- GIVEN MATERIAL -

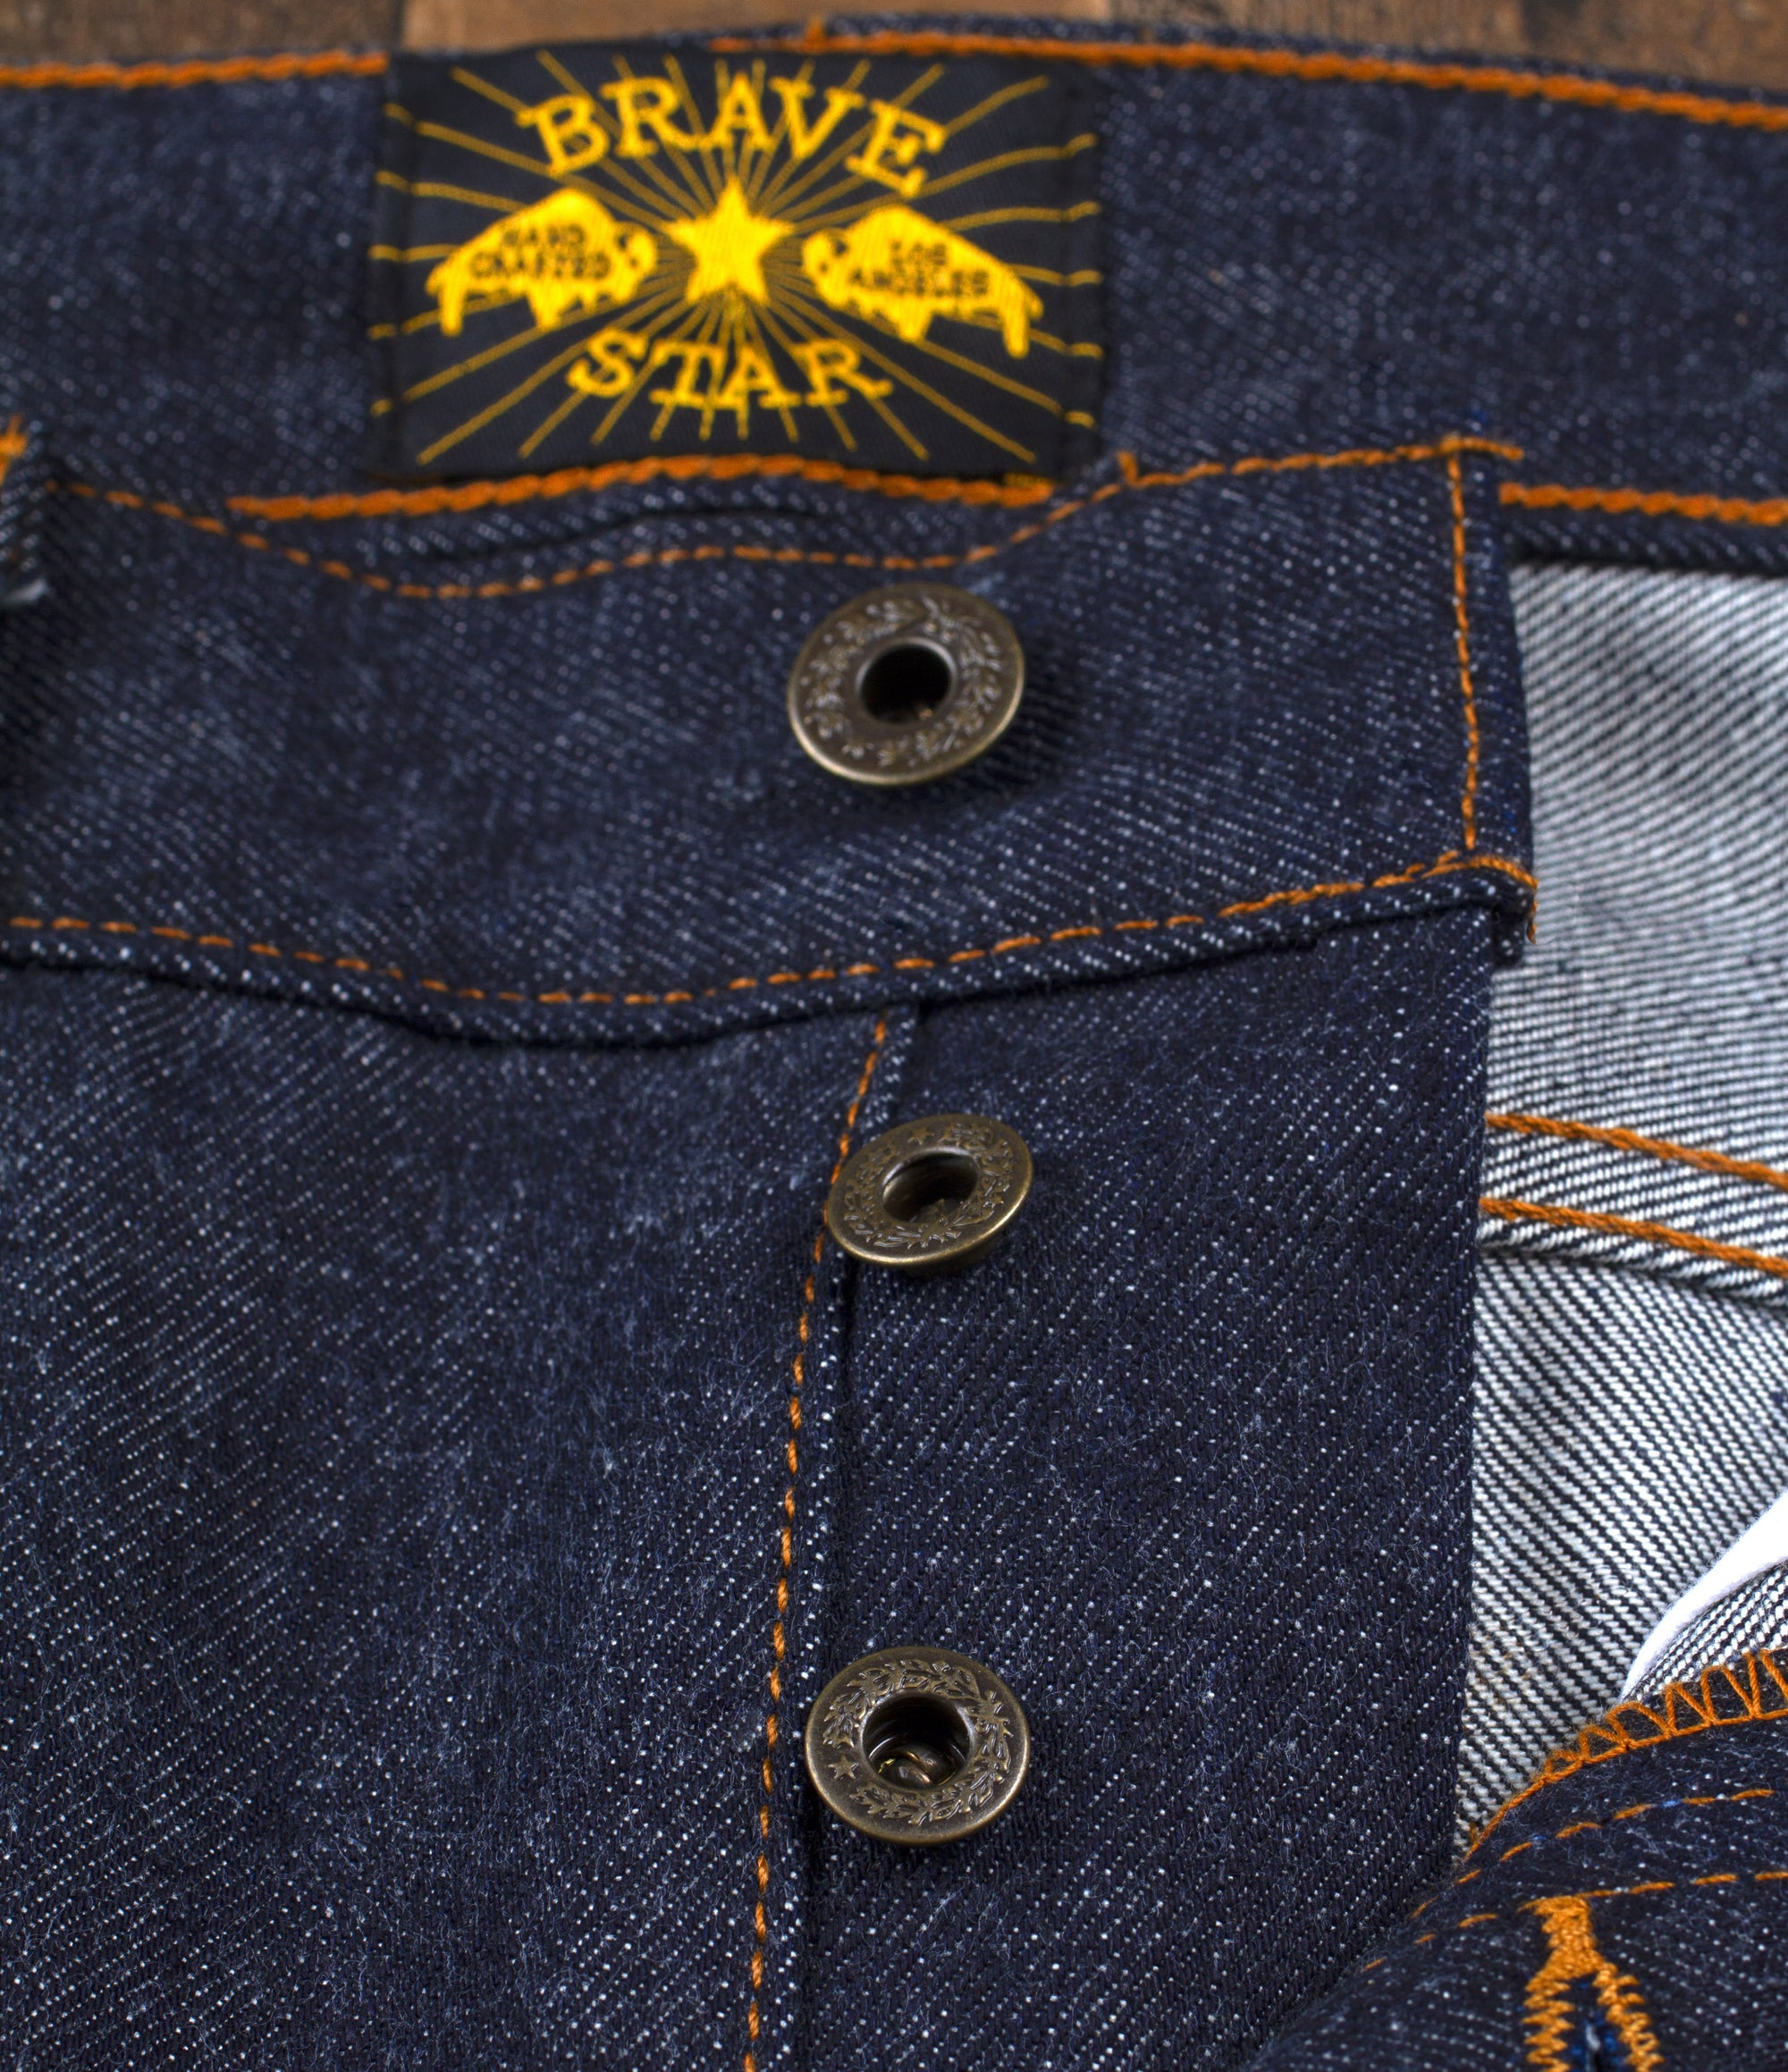 Brave Star Selvedge Cone Mills Raw Selvedge Denim Jeans Size 31
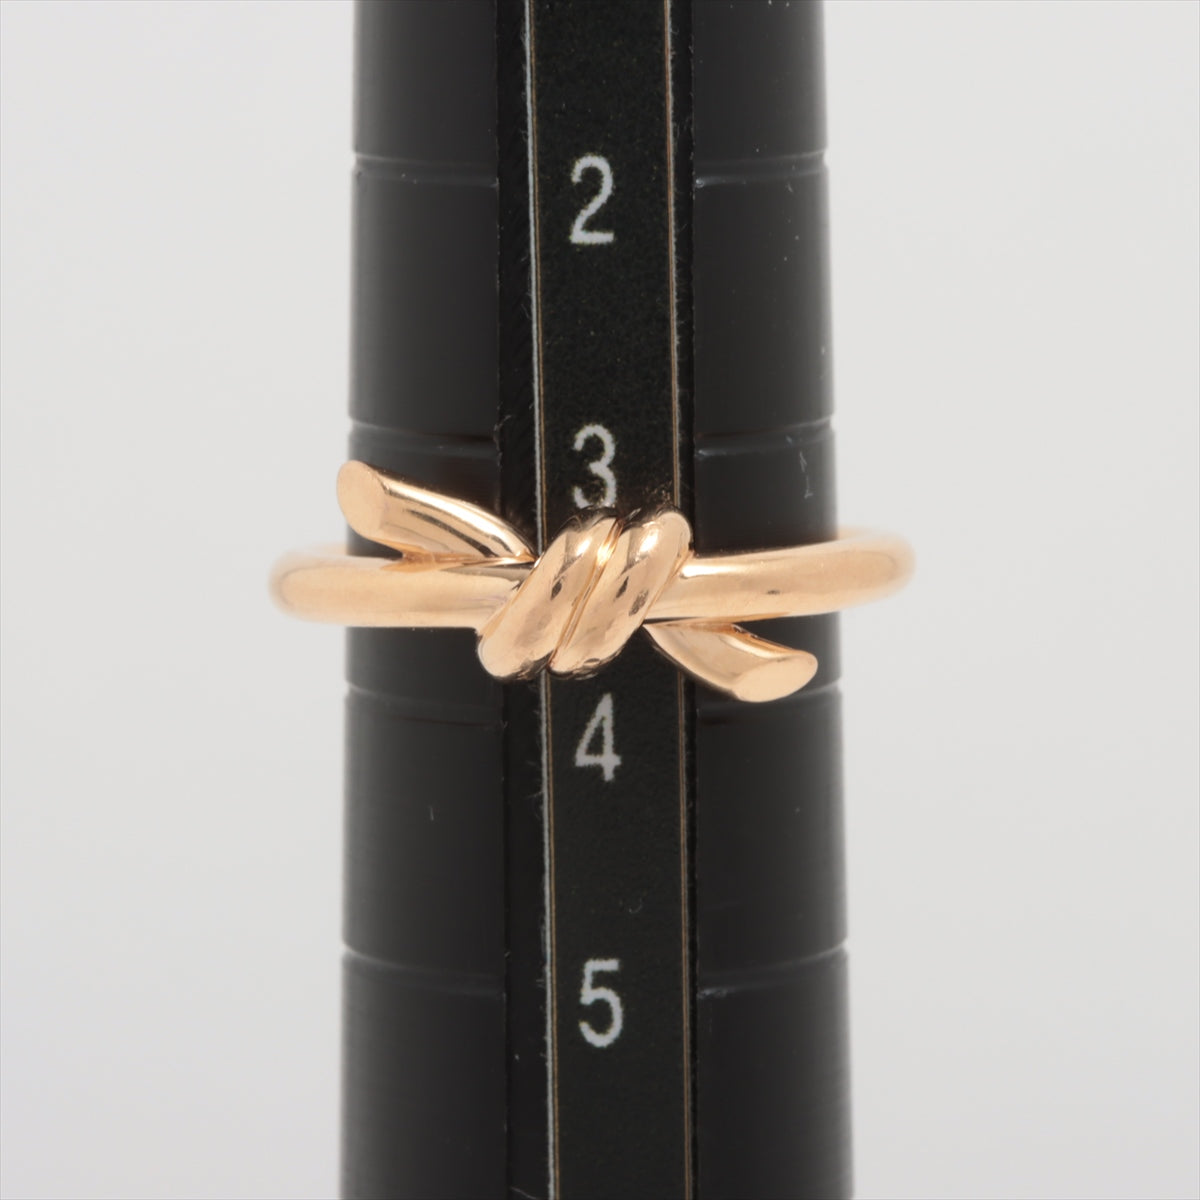 Tiffany Knot Ring 750(PG) 3.2g
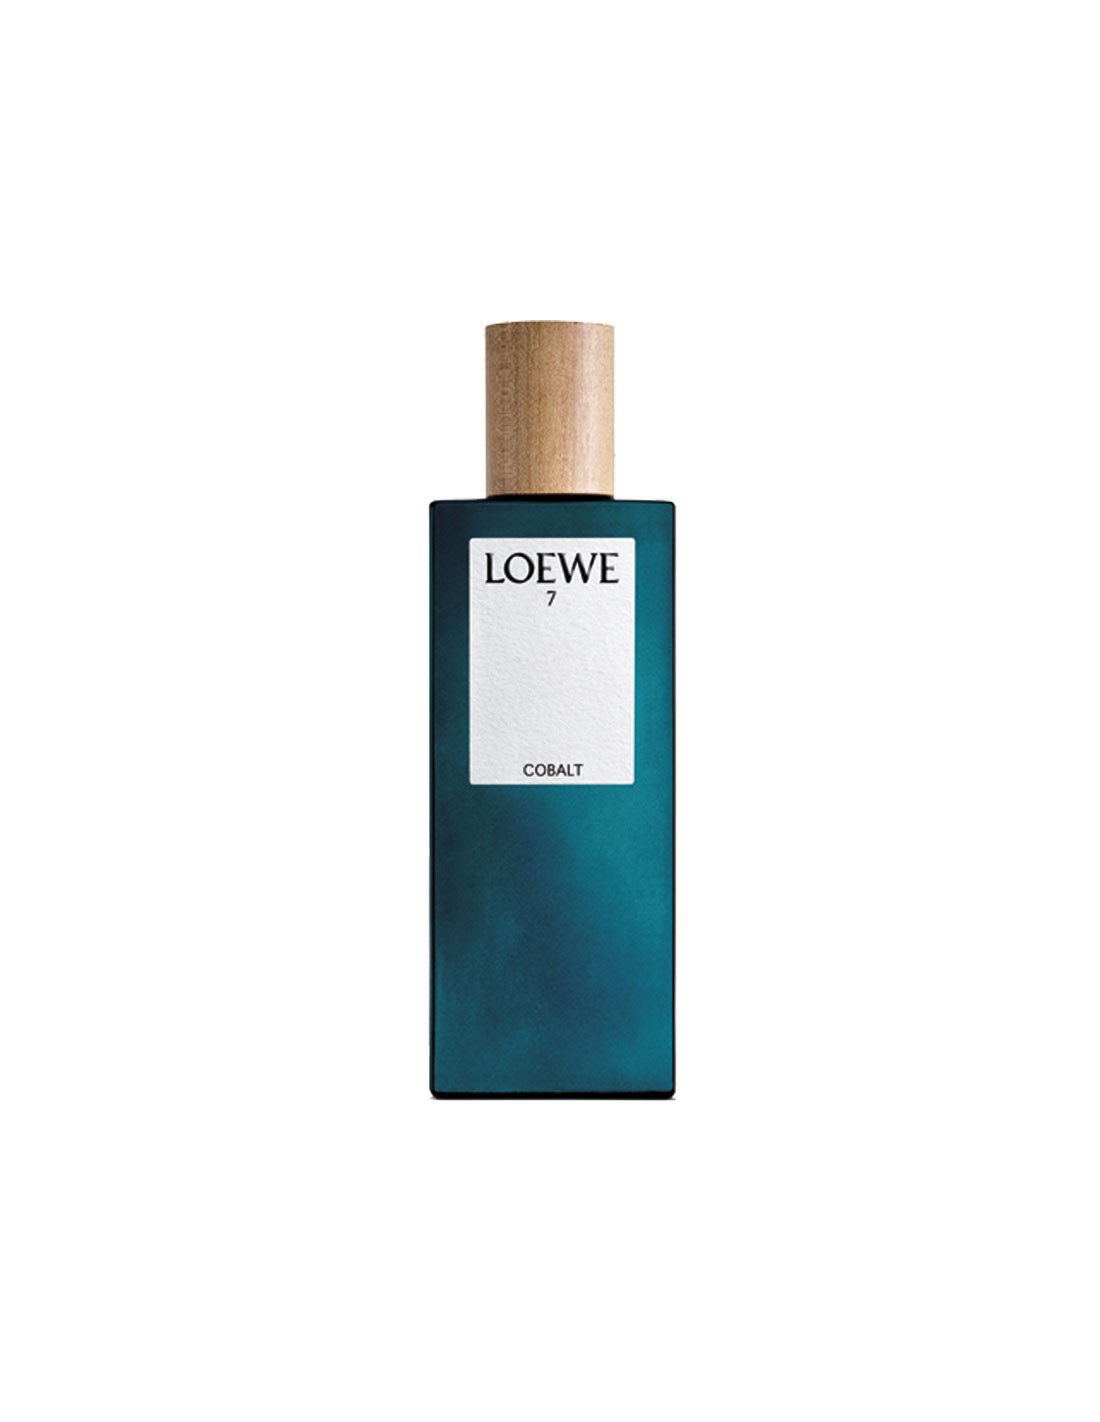 Loewe 7 Cobalt Eau De Parfum Vaporisateur 100ml

- WHAT IS BEING ASKED -
Omit the pictures, then copy out all the data exactly as it stands.

- YOUR RESPONSE -
 Brave Star Selvedge Cone Mills Raw Selvedge Denim Jeans Size 31
 Tiffany Knot Ring 750(PG) 3.2g
 Loewe 7 Cobalt Eau De Parfum Vaporisateur 100ml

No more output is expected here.